Only one stretch of the data should be retyped: the lines from the line containing "Mueble modular log" through the line containing "Армия купила новую боевику технику". Keep pictures out of it.

**Entries shown:**
⁂
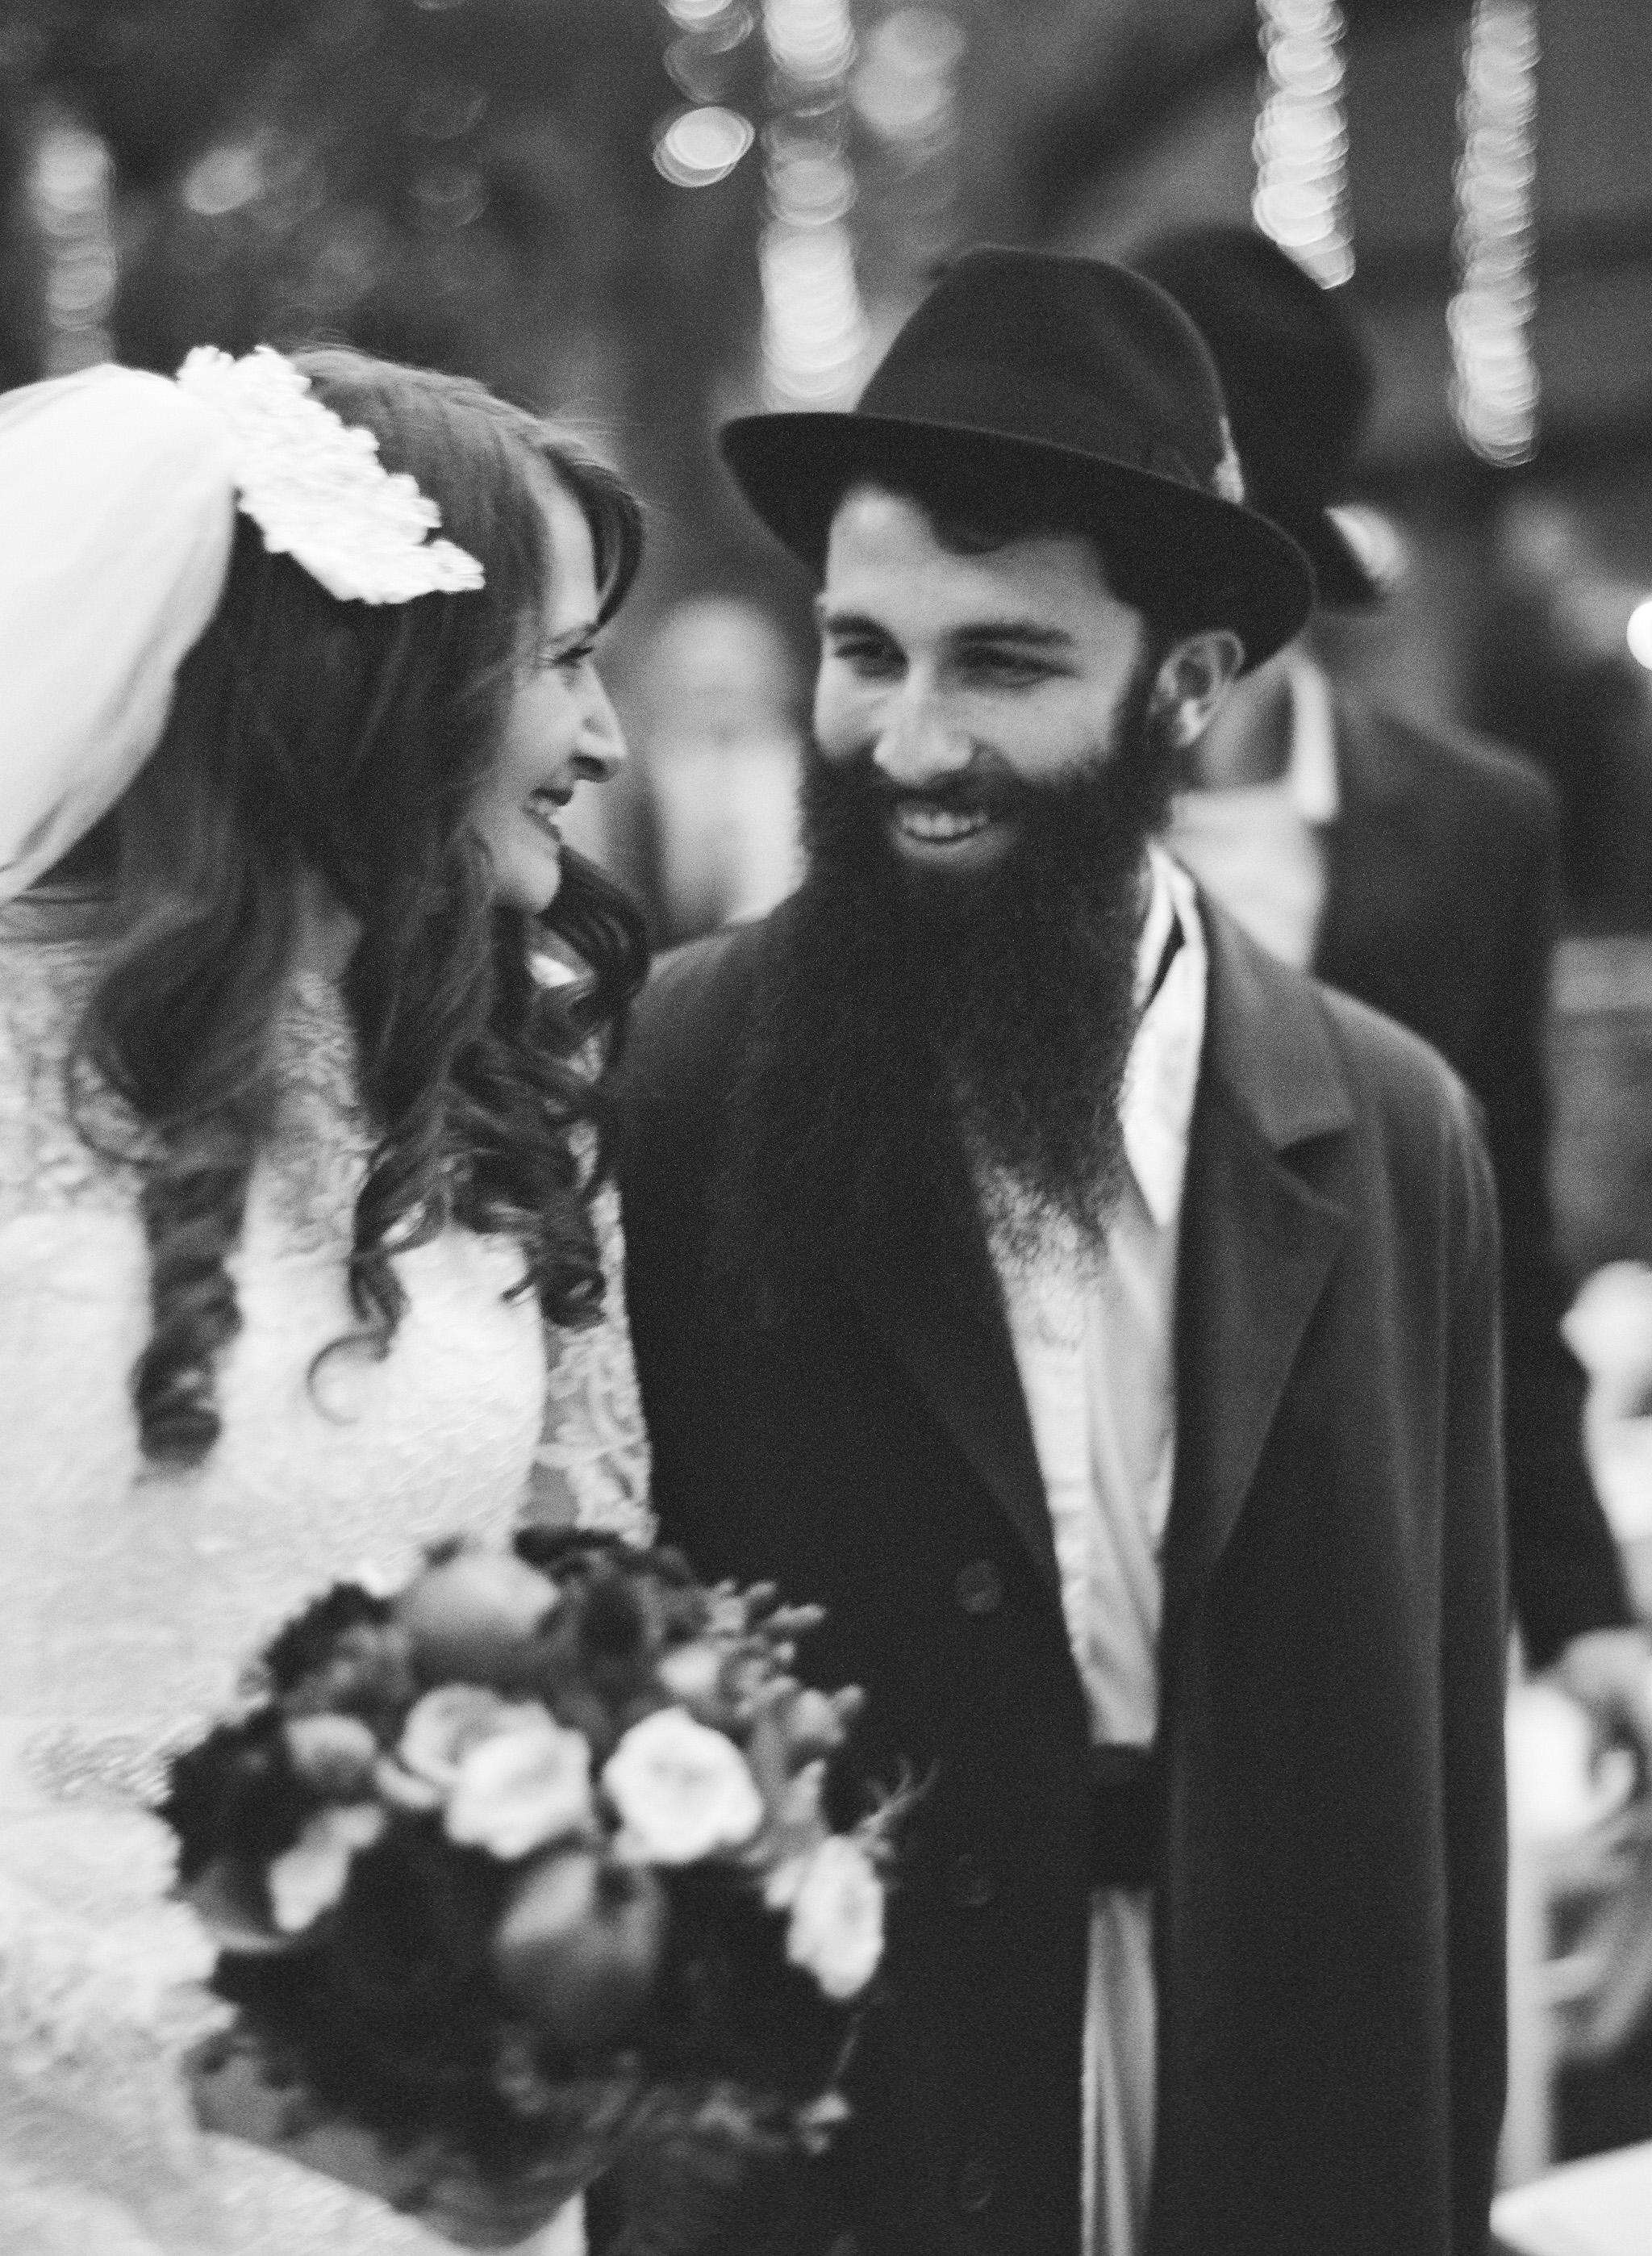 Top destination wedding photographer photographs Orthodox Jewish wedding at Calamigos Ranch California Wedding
⁂
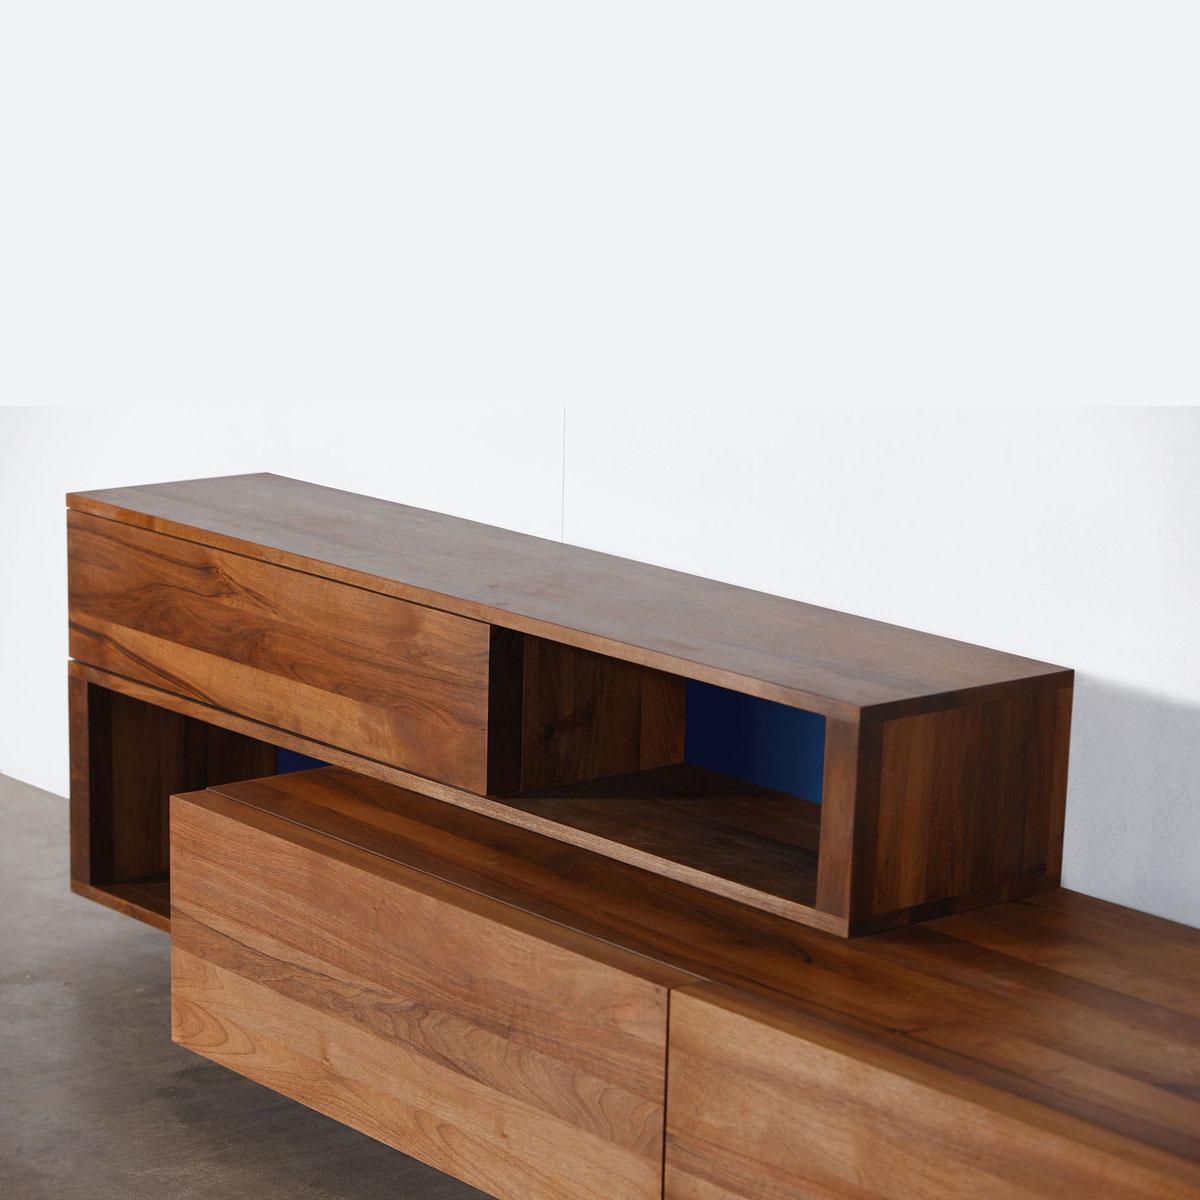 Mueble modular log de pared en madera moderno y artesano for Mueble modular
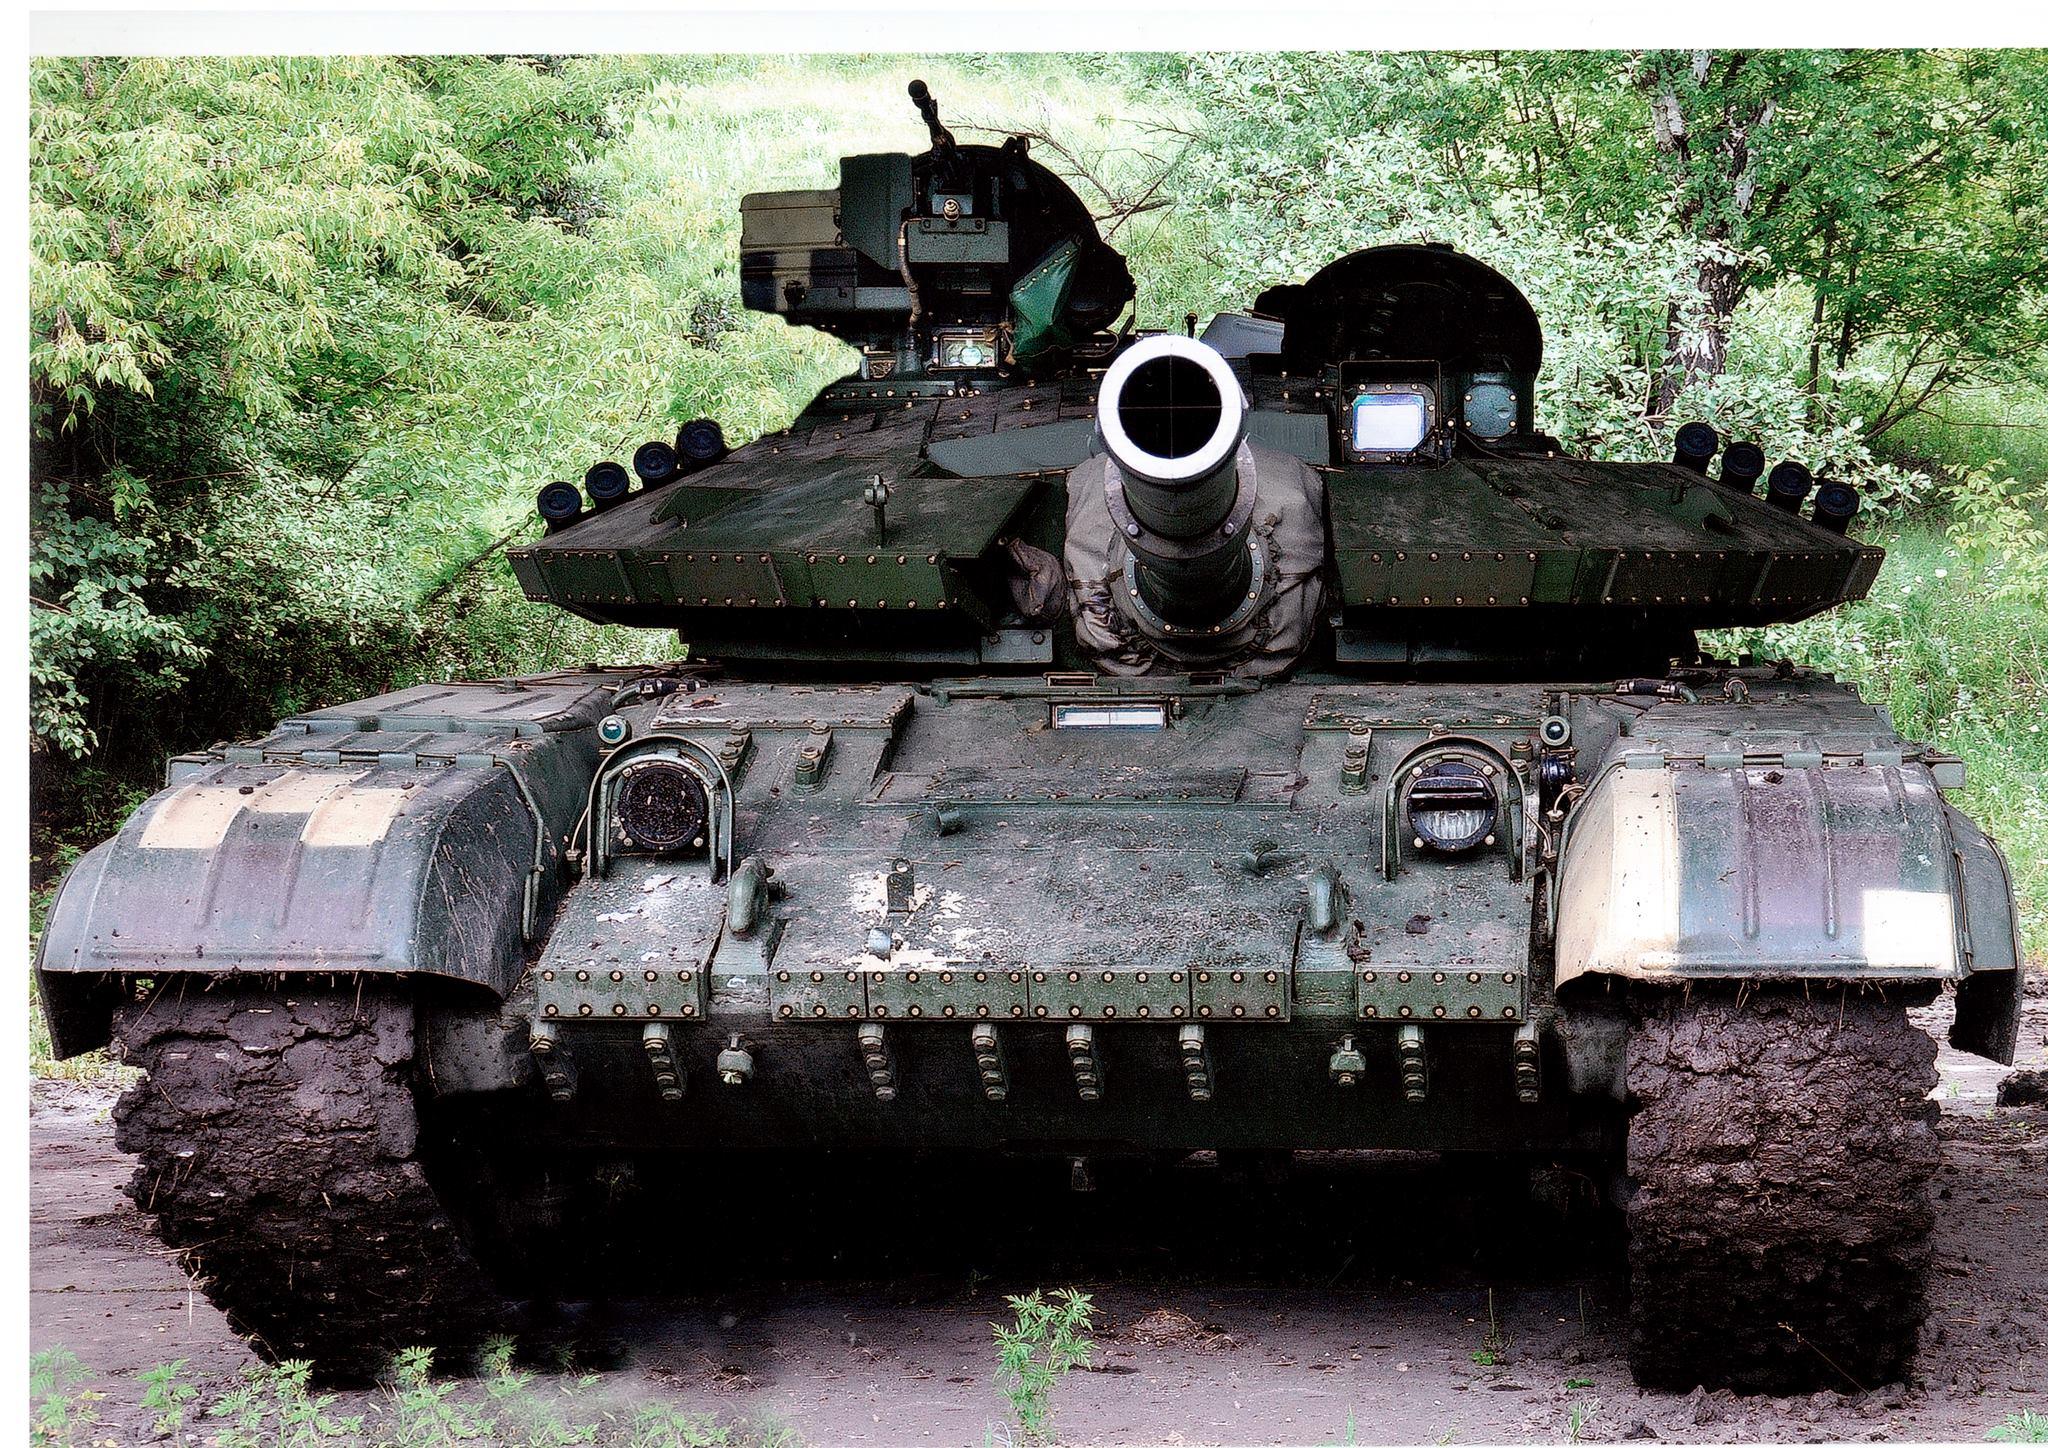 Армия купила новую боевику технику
⁂
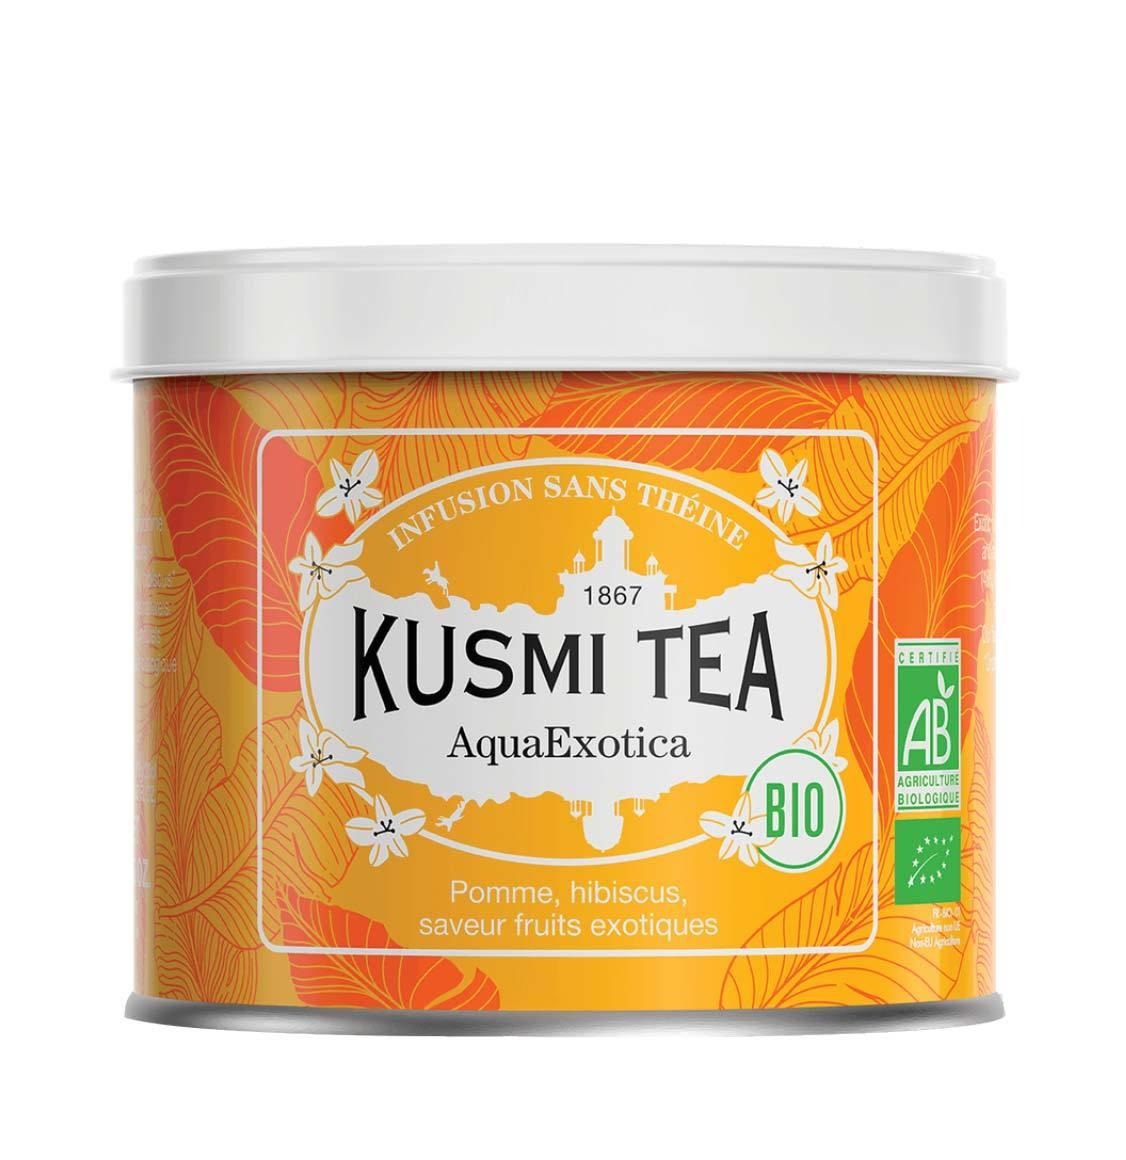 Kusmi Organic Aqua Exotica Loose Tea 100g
⁂
**Response below:**
 Mueble modular log de pared en madera moderno y artesano for Mueble modular
 Армия купила новую боевику технику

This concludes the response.